This blog is usually about Emergent Fintech; in this post I looked at Traditional Fintech. However, that breakdown may be too simplistic. So here is my shortened history of Fintech divided into 4 Eras (call them Version numbers if you prefer).
Each era builds on the previous era. It is like going to an ancient monument and seeing the layers of history. One era does not stop when another starts, it is just that the new era is where the innovation is happening and when the venture money is flowing.
- International Banking
- Driver: Bretton Woods, end of fixed exchange rates
- Years of innovation: 1972 to 1984
- Technology: multi currency accounting
- Winners: Midas + Kapiti + Kindle = Misys and Temenos
- What’s next? There are two scenarios:
A. These systems will need to be upgraded to real time for the modern era, leading to a boom in core system conversions.
Or:
B. Innovation will be external to these core systems which will be moved to end of life maintenance (and that will favor the outsourcing firms).
This is a subject for a different post, but I incline to the latter view.
Personal note: I worked for Misys after they acquired Kapiti (which had acquired Aregon). Returning back to Fintech in recent years, I have been shocked to see how little has changed in the world of core banking.
- Digital trading analytics
- Driver: market data in digital form
- Years of innovation: 1984 – 1994
- Technology: event driven analytics, real time, in-memory, message bus
- Winners: TIBCO, Reuters, Markit
- What’s next? Bringing these tools to the masses aka Low Cost Active Alpha or Democratizing Wall Street.
Personal Note: this was how I came into Fintech, through a company called Aregon which was a pioneer and did well but lost the market leadership position to Teknekron which became TIBCO (a story and what I learned from it that I relate in this chapter from my book Mindshare to Marketshare).
The first two eras where B2B or Traditional Fintech.
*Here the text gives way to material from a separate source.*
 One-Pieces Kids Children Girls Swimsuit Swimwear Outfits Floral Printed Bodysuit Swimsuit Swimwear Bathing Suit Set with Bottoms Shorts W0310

The next two eras are B2C or Emergent Fintech.
- Social Mobile Analytics Cloud (SMAC)
- Driver: Internet
- Years of innovation: 2004 – 2014 (note, while fundamental innovation maybe in the past, there are still many years of rollouts, implementations, incremental innovation and benefit realization – the big money making phase is still ahead of us).
- Technology: Social Mobile Analytics Cloud (SMAC)
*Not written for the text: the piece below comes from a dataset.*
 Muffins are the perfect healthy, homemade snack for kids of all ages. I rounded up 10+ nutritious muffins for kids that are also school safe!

- Winners: Lending Club + Angel List
- What’s next? Lending and Equity investing bypassing the Bank intermediated model gets to scale. In other words, more of the same but when this really goes mainstream it will have big impact on all business and on society. I don’t see many new big winners emerging from this era, because it is defined by network effects. However there will still be lots of add-on innovation that is big and valuable. For example, while we might refer this as the Facebook era, companies like Twitter and Spotify are big and valuable.
- Blockchain
- Driver: Consumers becoming producers
- Years of innovation: 2014 – 2024 (guess, most past eras have had about 10 years of rapid innovation)
- Technology: Blockckain
- Winners: Too early to tell.
The name for this era is still up for grabs. It could be the Blockchain Era. That is certainly the name that is popular today. However, that is like calling the Dot Com Era the HTTP Era, or the Social Media era the HTML Era (as it democratized HTML). It is too tech centric.
I have called this era:
“Consumers Become Producers”
The reason I chose that name is that the the social media (SMAC) era still rested on the notion that the world is full of consumers with traditional jobs that need to be marketed to. Social Media (as a business) just delivered those consumers to the companies that made stuff. The reality is that over half the population globally (maybe 40% in America, less in Europe, more in the developing world) are free agent micro business entrepreneurs. They are Producers before they are Consumers, for the simple reason that until they produce and sell something they have no money to buy & consume other stuff.
The “sharing economy” (lousy name, it is really the “rental economy” or the “squeezing cash out of spare resources economy”) recognizes this shift. It is no accident that Blockchain entrepreneurs look towards offering cheaper intermediation for sharing economy services as one of the early use cases.